# Sumac for mite control?



## jrbbees (Apr 4, 2010)

There was also a thread that talked about Grapefruit leaves being used to the same effect but I never heard anything more about it. Any one know anything more?


----------



## beemilk (Sep 12, 2012)

Although I can literally reach out my window and collect some sumac "bobs", I feel hesitant about sending them. Please, nothing personal. If you have no Rhus typhina where you live it is probably because it is not native to your area and maybe it should not be encouraged to become established. Up here it grows like a weed sending out root sprouts eventually forming thickets. I use the stems and branches for twig-work rustic furniture and beds because it has a very beautifully colored grain. Also, the bobs, as they are sometimes called, can be soaked in cold water, strained, and served as "indian lemonade." Some people are allergic to staghorn sumac but may also have it confused with poison sumac (Rhus vernix) which causes severe contact dermititis similiar to poison ivy. Good reason though.....poison ivy is in the same family as the sumacs (Anacardiaceae - cashew family) and even the same genus....Rhus radicans.


----------



## crofter (May 5, 2011)

I would be careful with that one. My father had a very bad reaction from smoke of burning sumac; swelled his eyes shut for three days!


----------



## rkereid (Dec 20, 2009)

The use of sumac (mostly staghorn around here) for a smoker fuel goes back to before the mites were a problem for us. I have never heard that it is good for a mite treatment though. I wonder if this has ever been substantiated?


----------



## dixiebooks (Jun 21, 2010)

I'm with beemilk on this. If you don't already have it, don't plant it. It is an invasive weed all over Upper East TN. -js


----------



## Gypsi (Mar 27, 2011)

I would not risk breathing poison sumac smoke just to save a bit on mite treatments and smoker fuel. But to each their own.


----------



## Beregondo (Jun 21, 2011)

i have often used sumac twigs for smoker fuel. 
I have no mite problem.

I also have a wooden hive stand.
I have no mite problem.

Which of these is the thing that prevents mite problems?
Neither.

I also wear a beard each time I work the bees...I have no mite problems...I think that that is what prevents the mite problem.

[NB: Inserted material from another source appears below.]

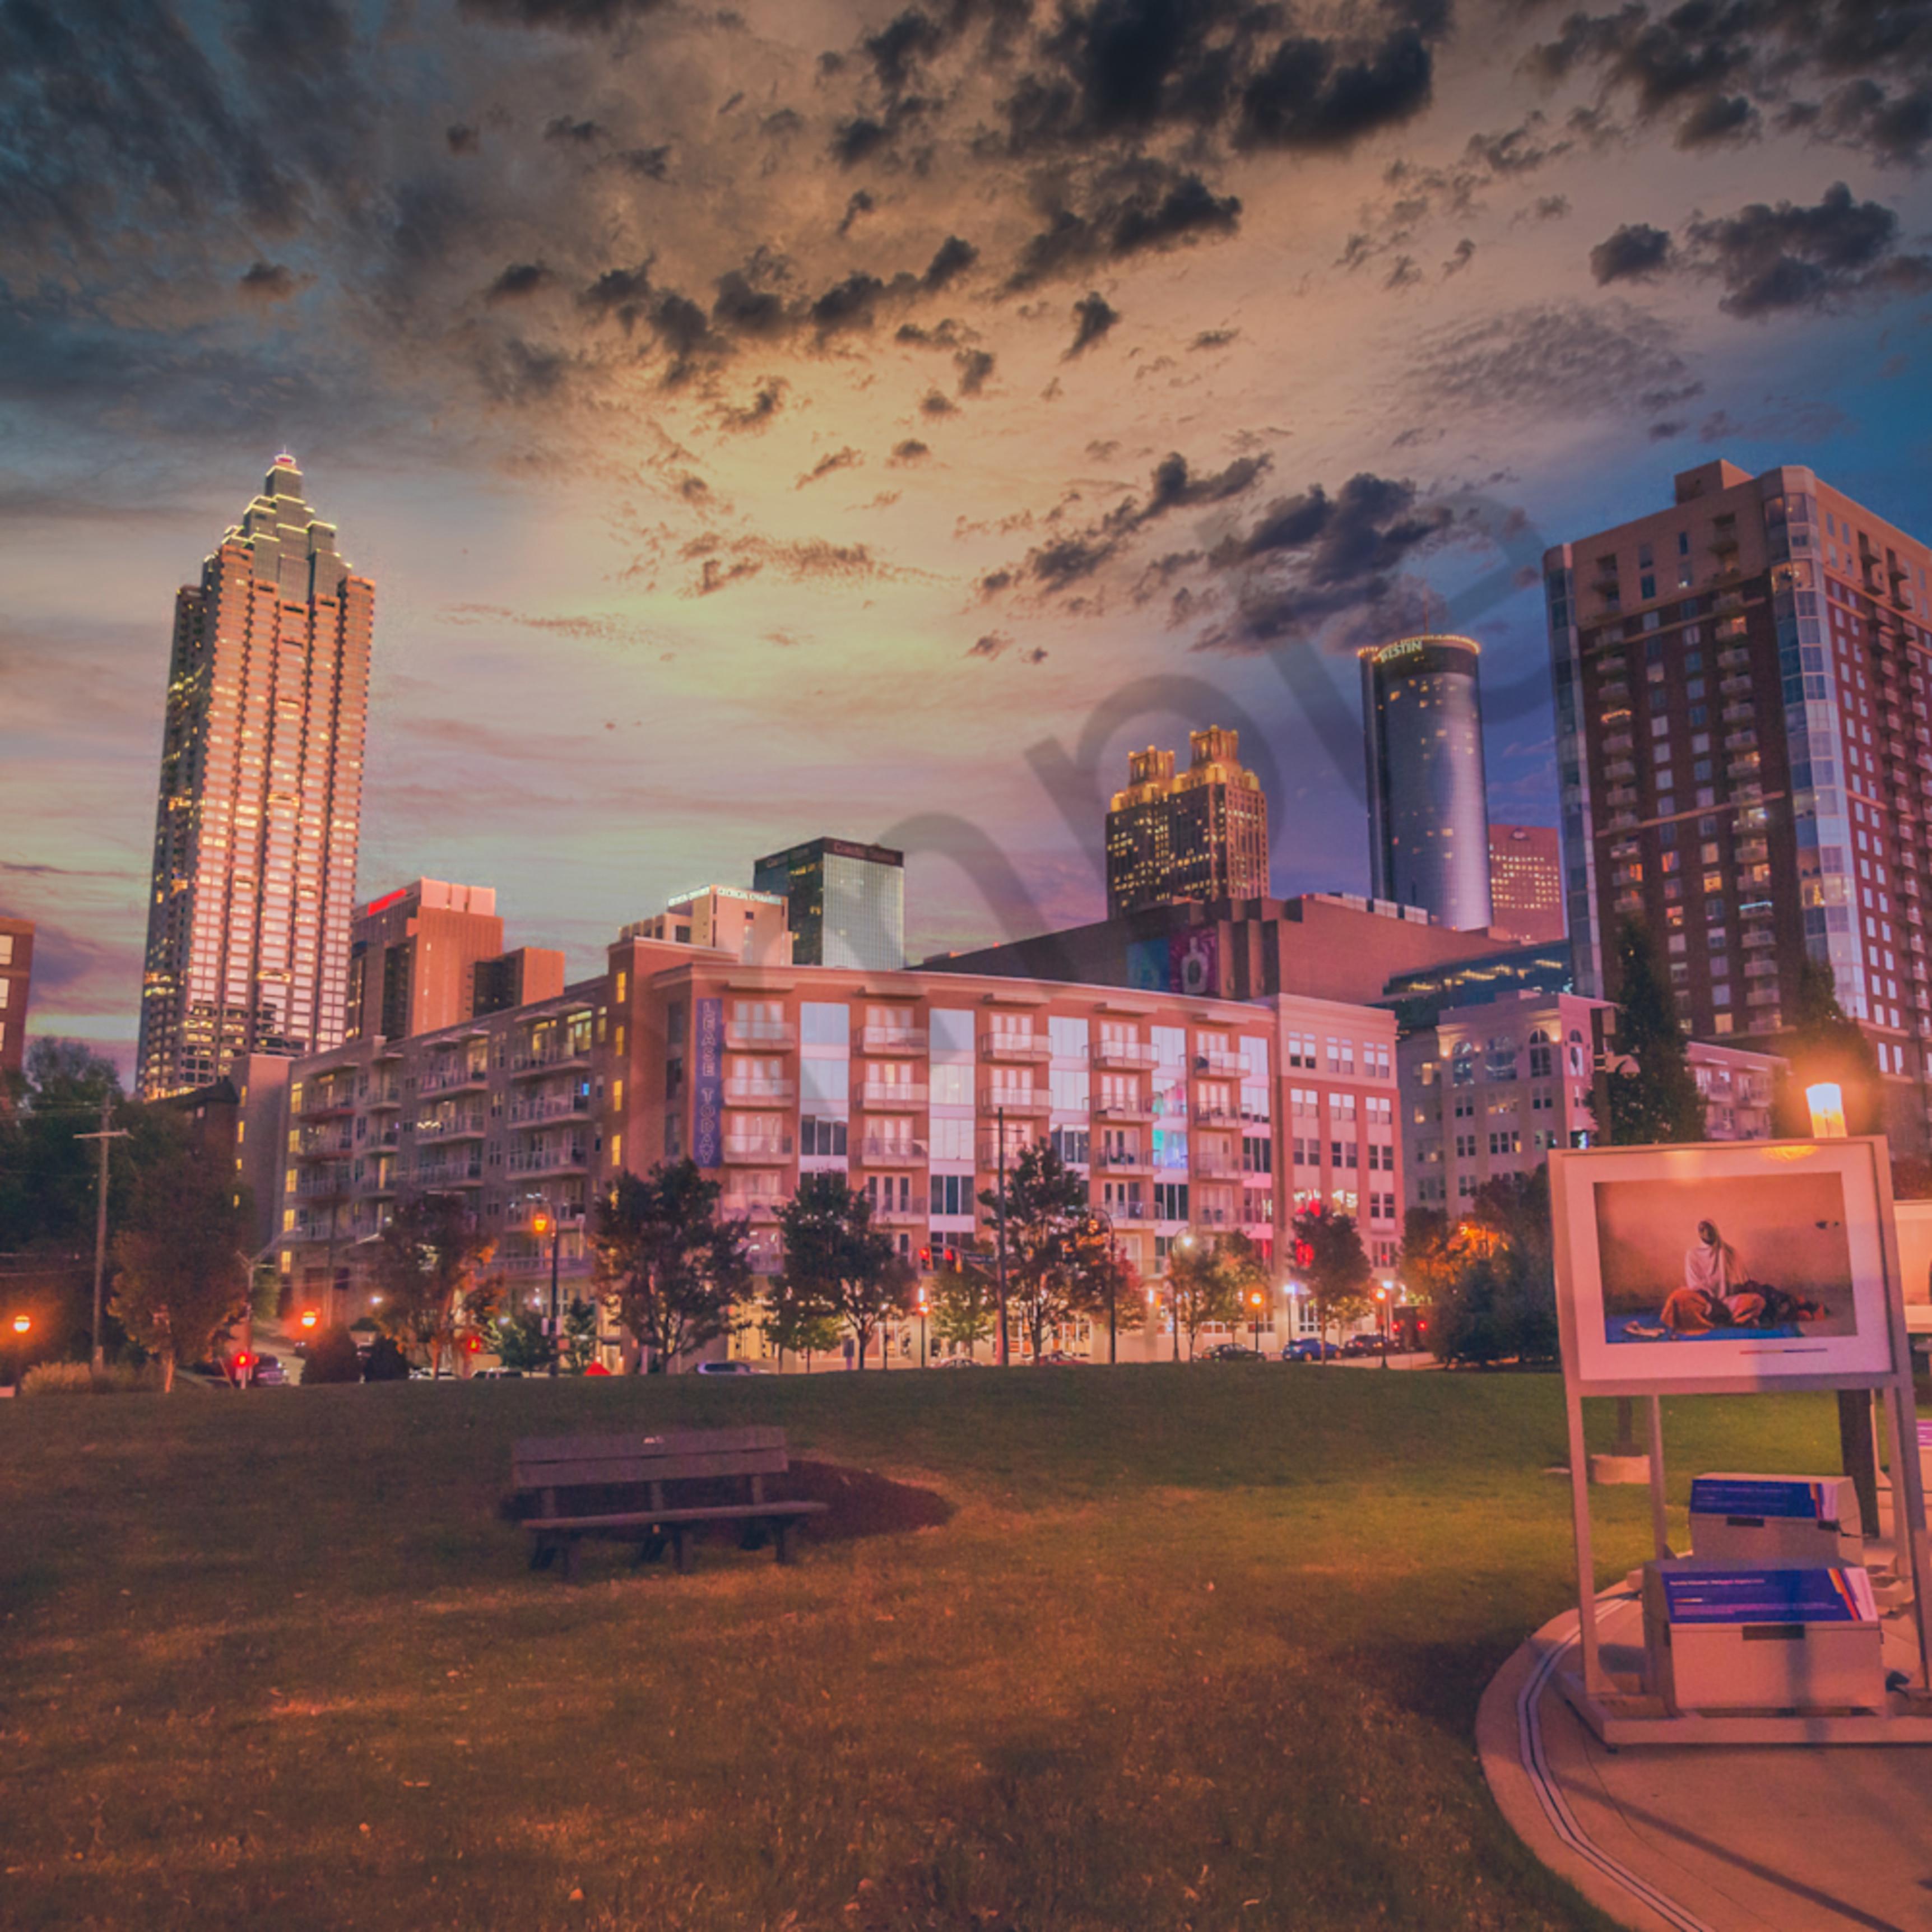 City in sunset breflv

No scientific studies have been done demonstrating that wearing a beard does not prevent mite problems. Any assertion that wearing a beard has no affect ought to be supported by such research; otherwise it is just another unscientific assertion.


----------



## Gypsi (Mar 27, 2011)

Good one Beregondo!


----------



## brooksbeefarm (Apr 13, 2008)

I've used sumac for smoker fuel and read that it was good for mite control? and have used it in some of my outyards because my smoker fuel was getting low, but never run any kind of test. The good thing about sumac, the bees work it hard when it's in bloom and it makes a good amber honey. We have three or four different types here, i don't know if the bees work all four or not.


----------



## Gypsi (Mar 27, 2011)

All I remember about sumac is the poison part. After a run in with poison oak (apparently, never saw the plant, got the rash from a rock scratch) I am not nearly the "woodsy" type that I once was. For years I wasn't allergic to poison ivy - I don't know what I got into but it burned like fire and has recurred for a couple of years at the same site, so if I am paranoid of sumac, that is why.

I know it grows in Michigan. I don't think it grows in Texas. At least not my part.


----------